Trynkiewicz nie wróci za kraty? Prokuratura nie chce biegłego ws. „pornografii”

2014-02-12 19:05

Prokuratura nie powoła biegłego ws. materiałów znalezionych w celi Mariusza Trynkiewicza - infromuje "TVP Info". W poniedziałek dyrektor rzeszowskiego więzienia złożył zawiadomienie o możliwości popełnienia przez Trynkiewicza przestępstwa. Potwór z Piotrkowa miał trzymać w swojej celi materiały pornograficzne z dziećmi.

Materiały o treści pornograficznej miały zostać znalezione w celi Trynkiewicza 8 i 10 lutego, czyli tuż przed wyjściem z więzienia. Jak podaje "TVP Info", prokuratura uznała, że materiały te – zdjęcia i szkice – nie przedstawiają czynności seksualnych bądź też obcowania płciowego w rozumieniu przepisów postępowania karnego.

Śledczy nie zdecydowali się na wszczęcie śledztwa, ani postawienie zarzutów Trynkiewiczowi. Nadal jednak prowadzone są czynności sprawdzające w tej sprawie.

Zobacz: MATKA TRYNKIWICZA boi się o syna? Jak wróci do PIOTRKOWA, zrobią mu krzywdę?

– Czynności prowadzone są w dwóch wątkach: dotyczącym materiałów znalezionych w celi T. oraz okoliczności samego ich zabezpieczenia przez funkcjonariuszy Służby Więziennej – powiedział w środę rzecznik Prokuratury Okręgowej w Rzeszowie Andrzej Mucha.

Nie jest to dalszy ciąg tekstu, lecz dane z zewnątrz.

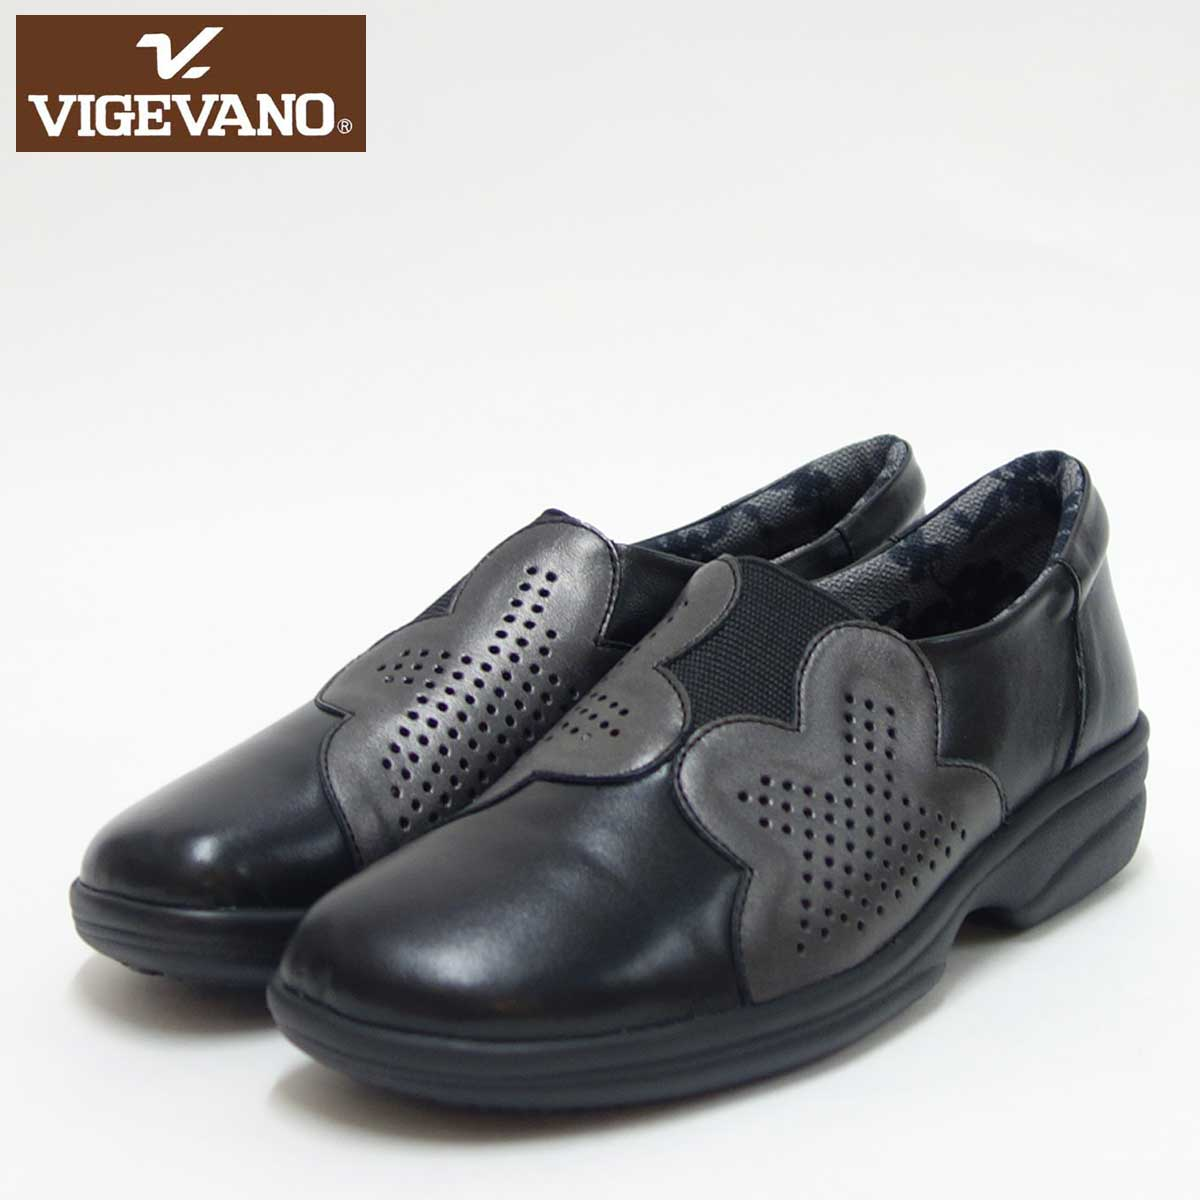 VIGEVANO ビジェバノ 2738 ブラック/メタリック(日本製)ゆったりEEEE スリッポンシューズ上質な天然皮革が優しく包み込みます「靴」

Nie określił jednak ostatecznego terminu zakończenia czynności prokuratorów.

Mucha zaznaczył, że "nie jest planowane powołanie biegłego dla oceny materiałów dołączonych do zawiadomienia" dyrektora więzienia, w którym do wtorku, czyli ostatniego dnia odbywania kary, przebywał Trynkiewicz.

Tego dnia mężczyzna zakończył odbywanie kary 25 lat więzienia i wyszedł na wolność.